Input data:
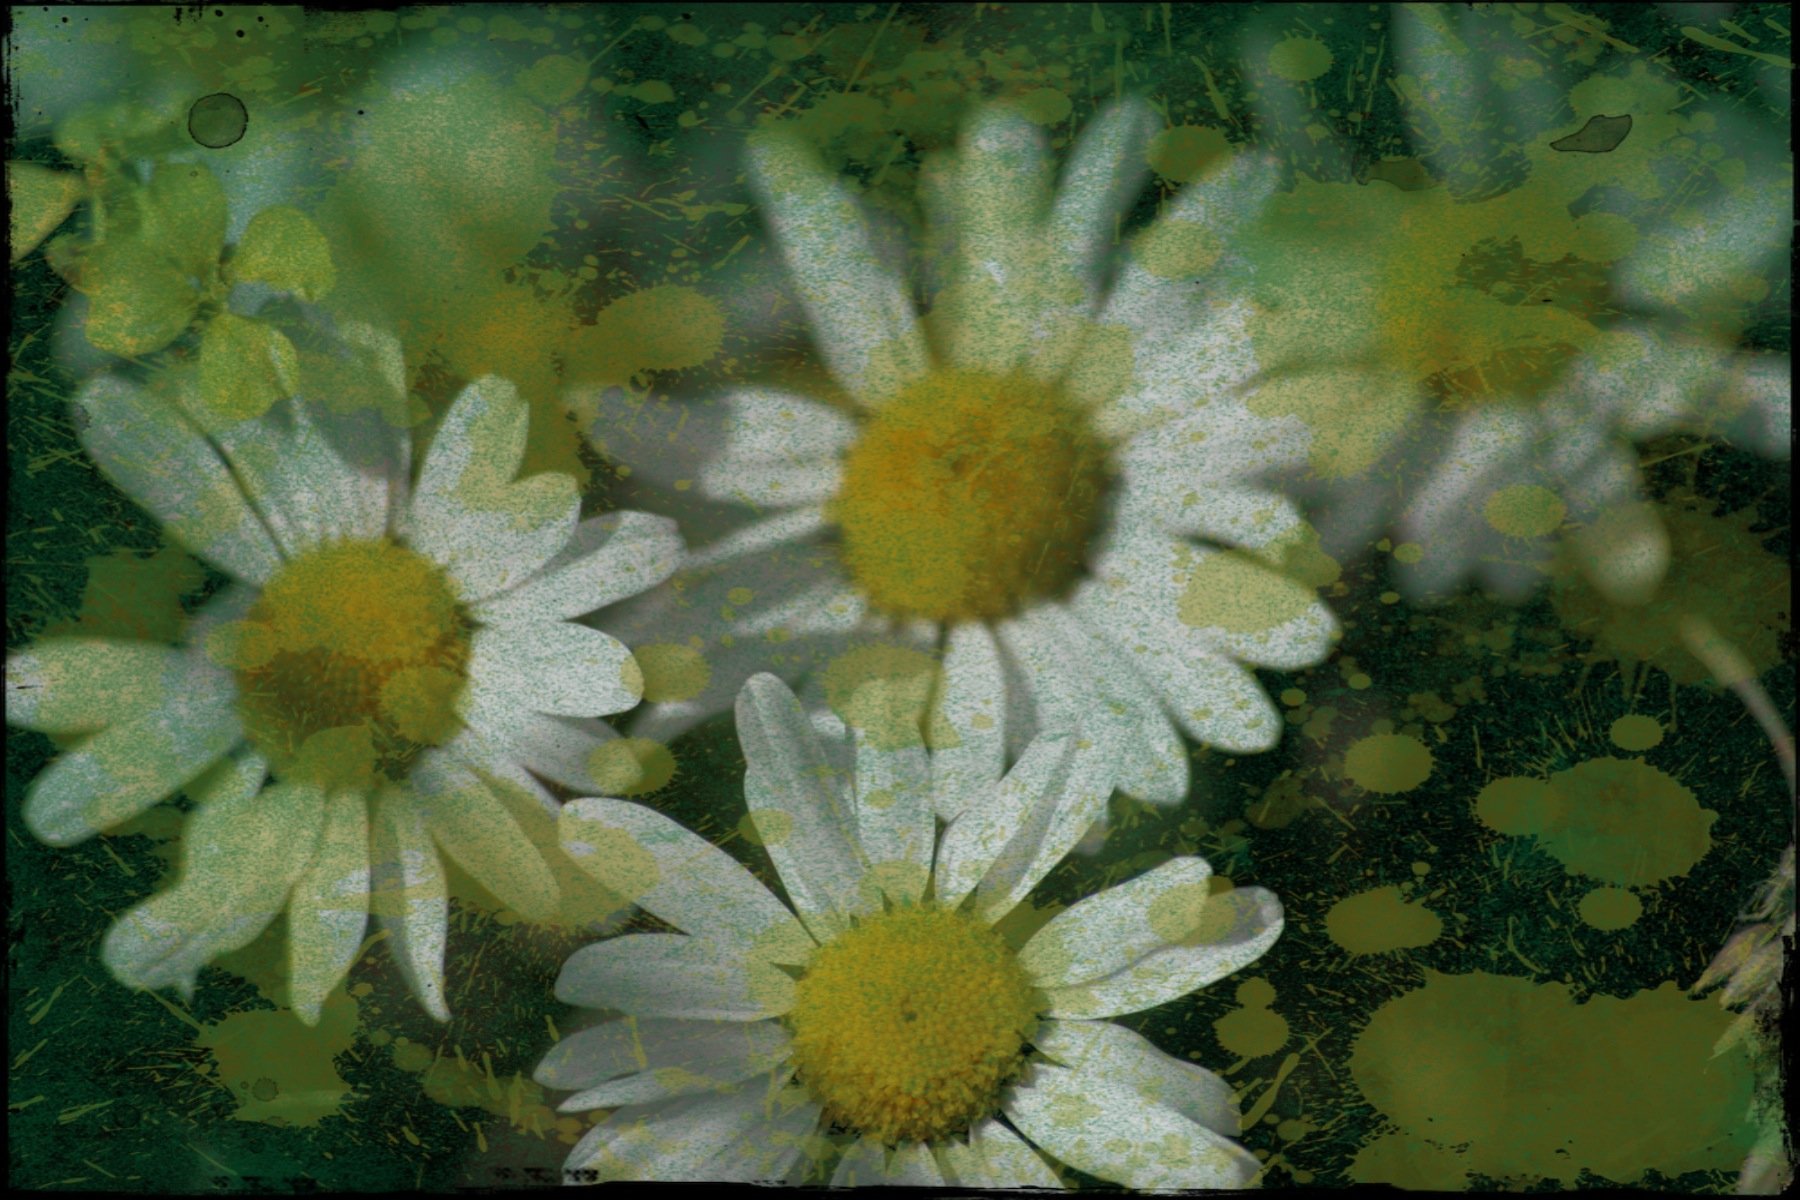 daisies are displayed in a picture with the colors
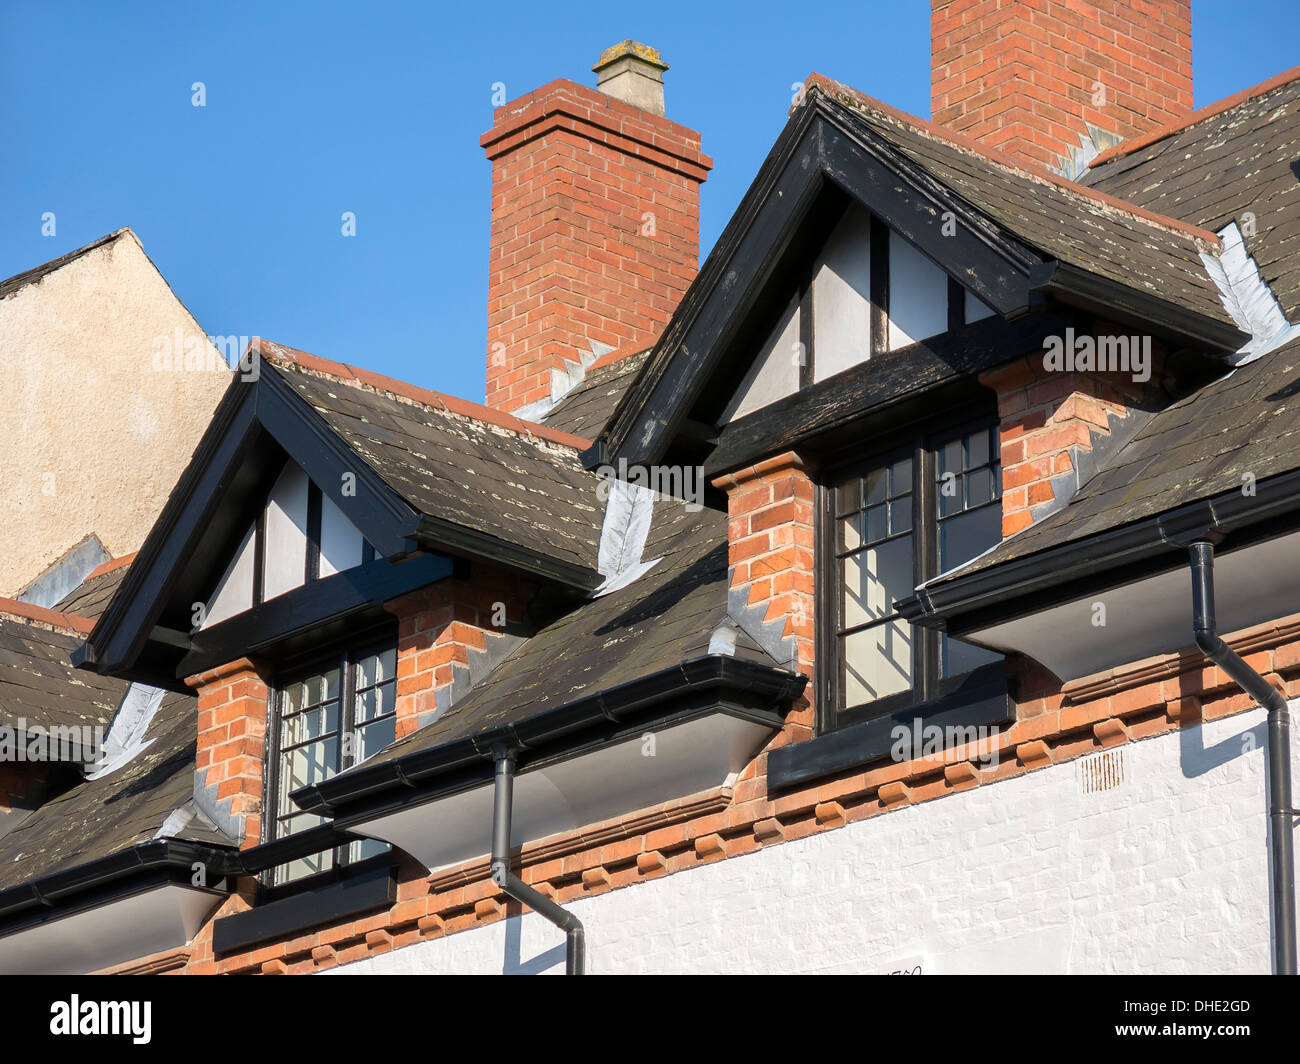 Old dormer windows in slate roof, Melton Mowbray, Leicestershire, England, UK. Stock Photo
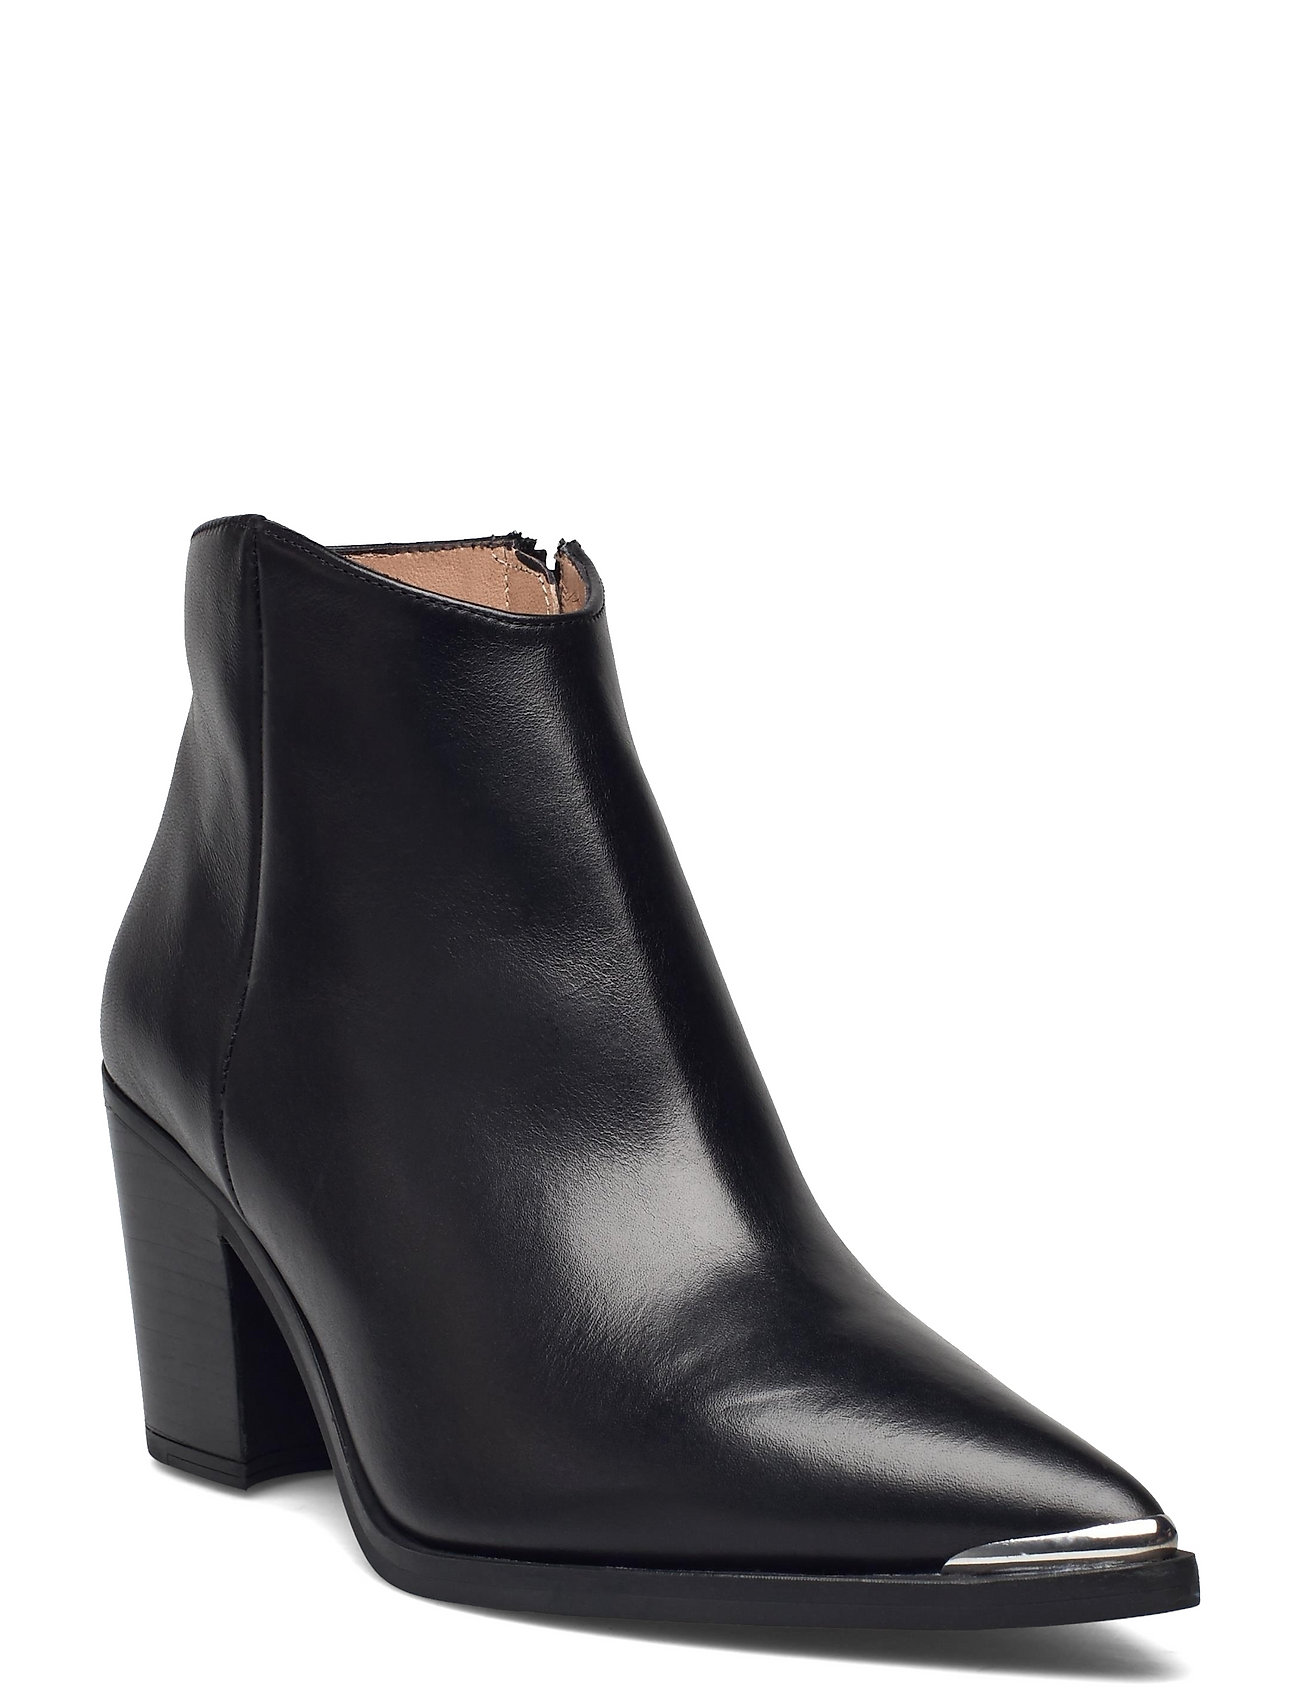 Modor_sco Shoes Boots Ankle Boots Ankle Boot - Heel Musta UNISA

Directions:
Restate the full listing word for word, excluding images.

Result below:
 daisies are displayed in a picture with the colors
 Old dormer windows in slate roof, Melton Mowbray, Leicestershire, England, UK. Stock Photo
 Modor_sco Shoes Boots Ankle Boots Ankle Boot - Heel Musta UNISA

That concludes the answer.